• [Supplied records]:
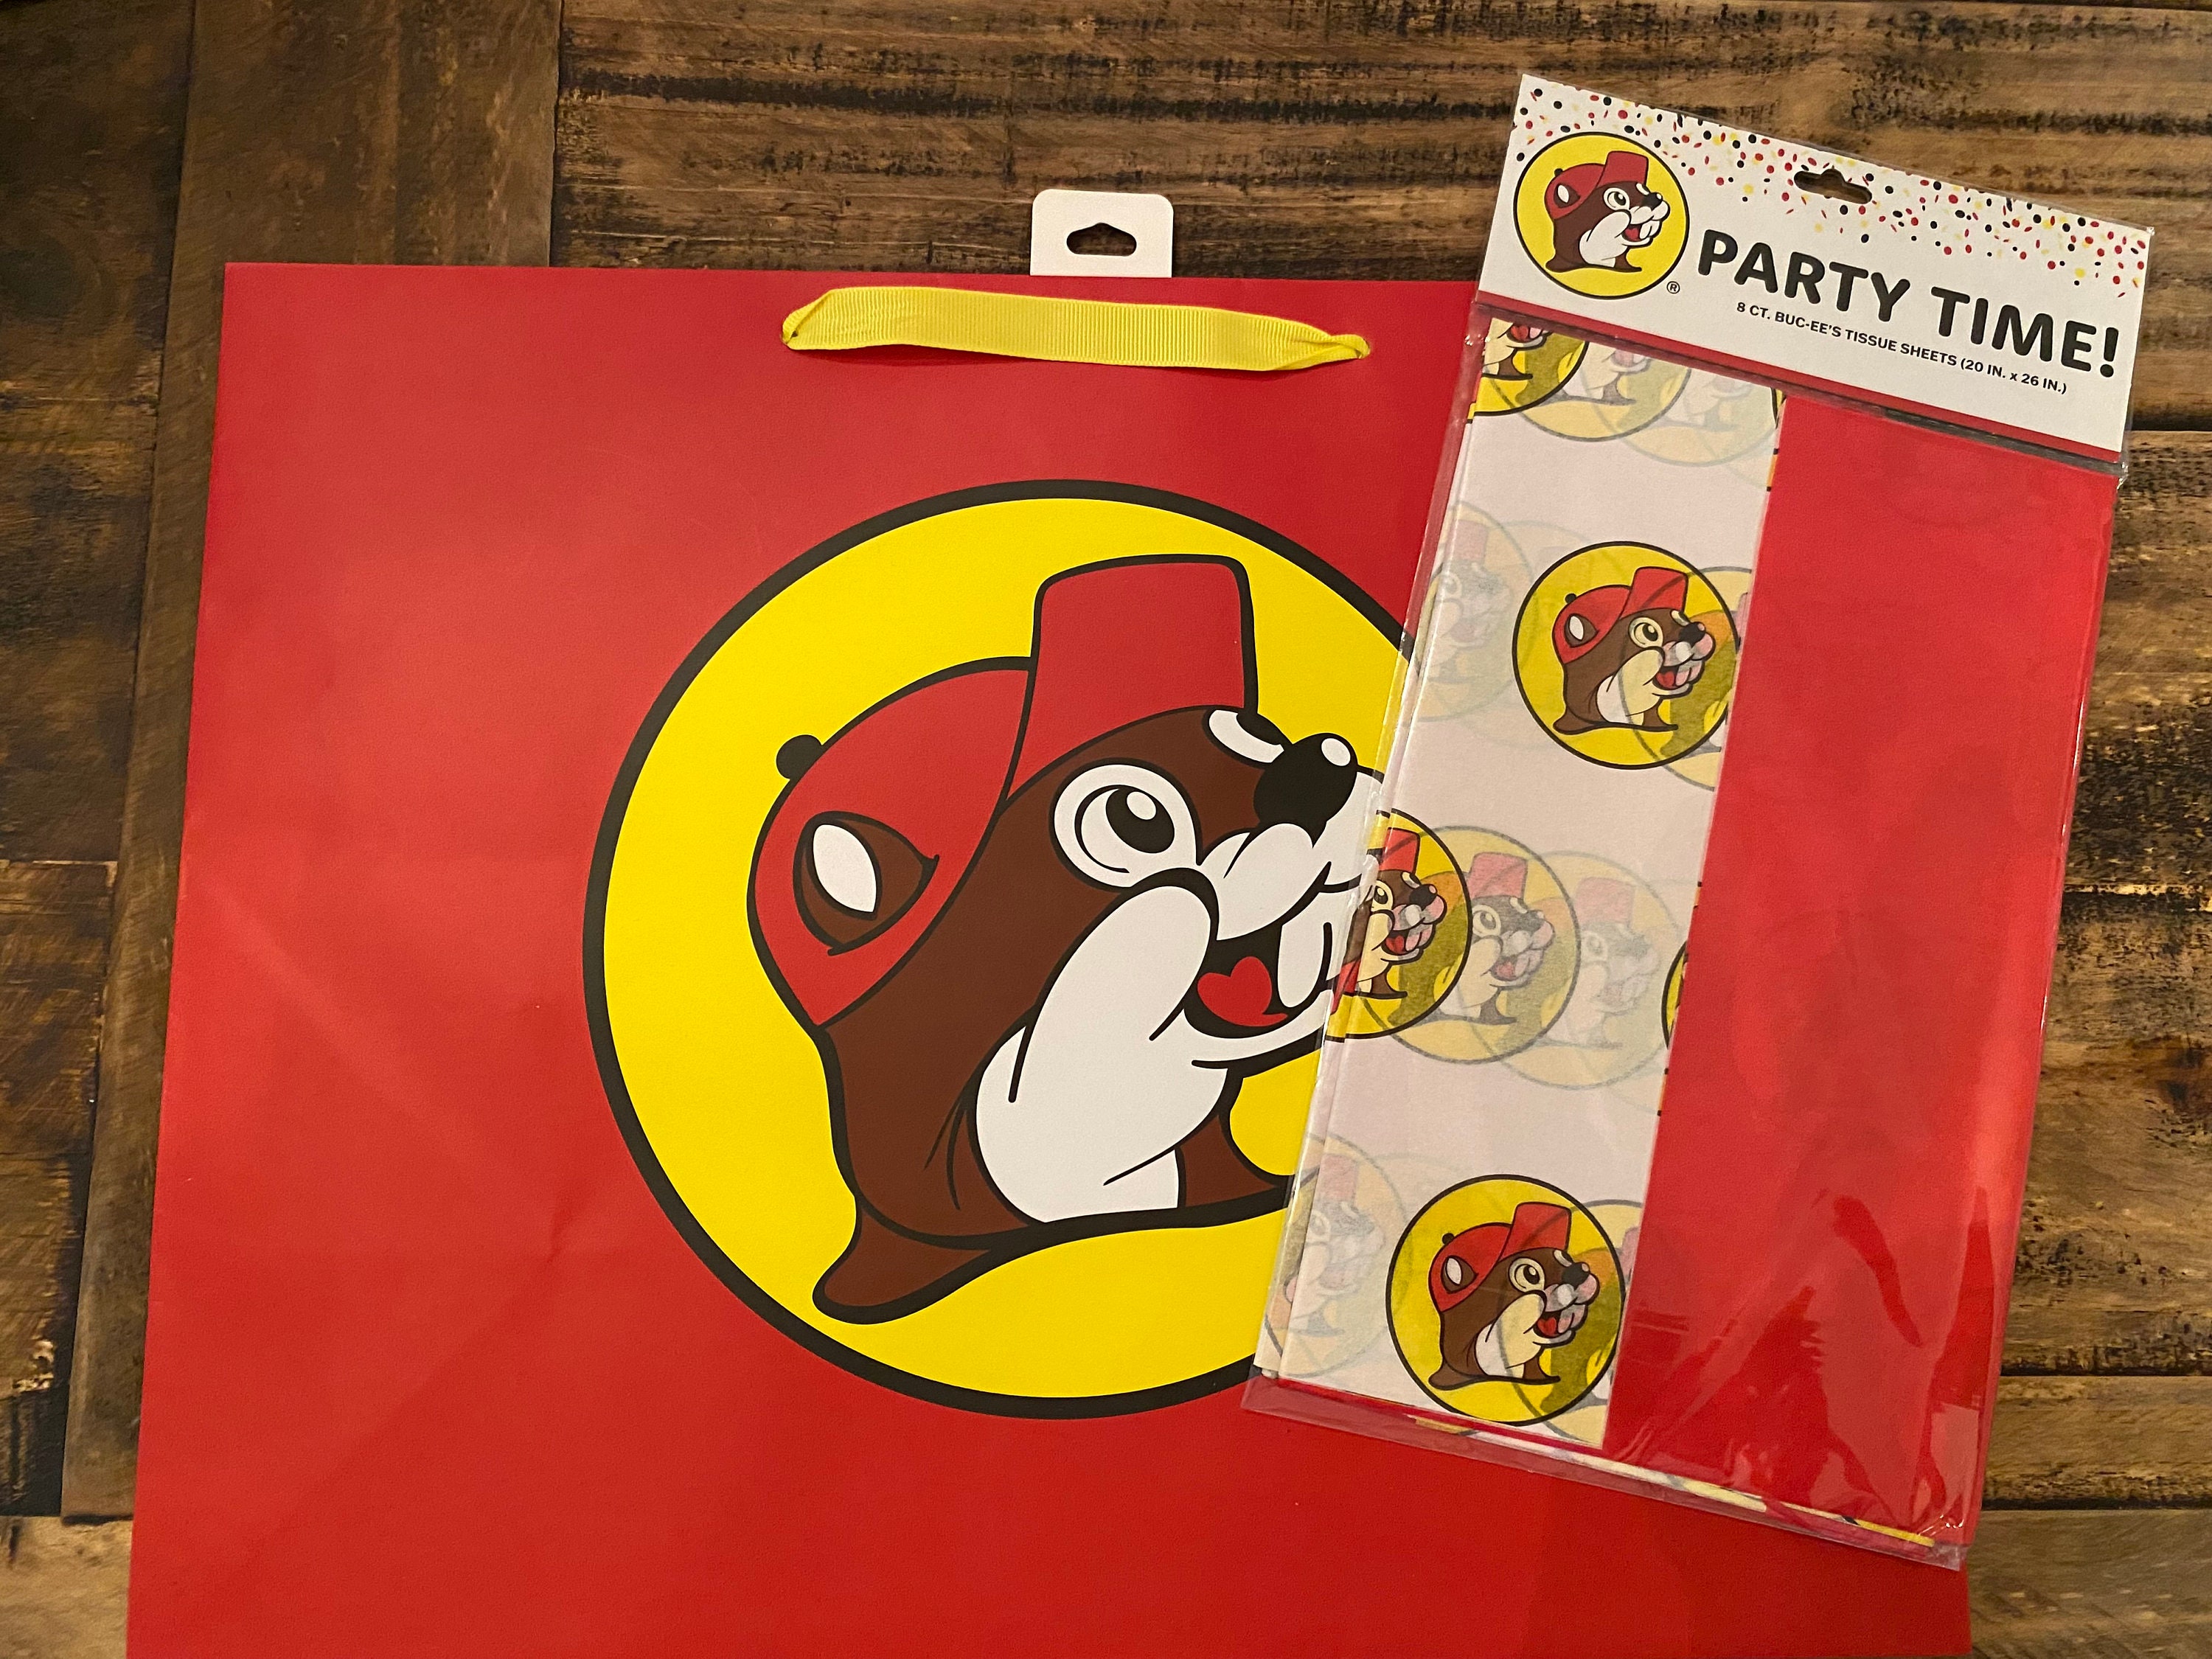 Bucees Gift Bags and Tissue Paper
--
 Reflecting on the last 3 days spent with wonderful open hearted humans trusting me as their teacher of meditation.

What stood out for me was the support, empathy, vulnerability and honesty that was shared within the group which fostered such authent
* * *
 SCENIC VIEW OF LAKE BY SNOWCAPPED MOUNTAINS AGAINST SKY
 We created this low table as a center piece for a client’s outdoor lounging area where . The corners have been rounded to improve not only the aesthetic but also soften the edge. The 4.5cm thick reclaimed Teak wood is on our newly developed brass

• [Task description]: Every line above from the line with "Reflecting on the" to the line with "What stood out", inclusive, must be returned exactly; no other line belongs in the reply.

• [Problem solution]:
 Reflecting on the last 3 days spent with wonderful open hearted humans trusting me as their teacher of meditation.

What stood out for me was the support, empathy, vulnerability and honesty that was shared within the group which fostered such authent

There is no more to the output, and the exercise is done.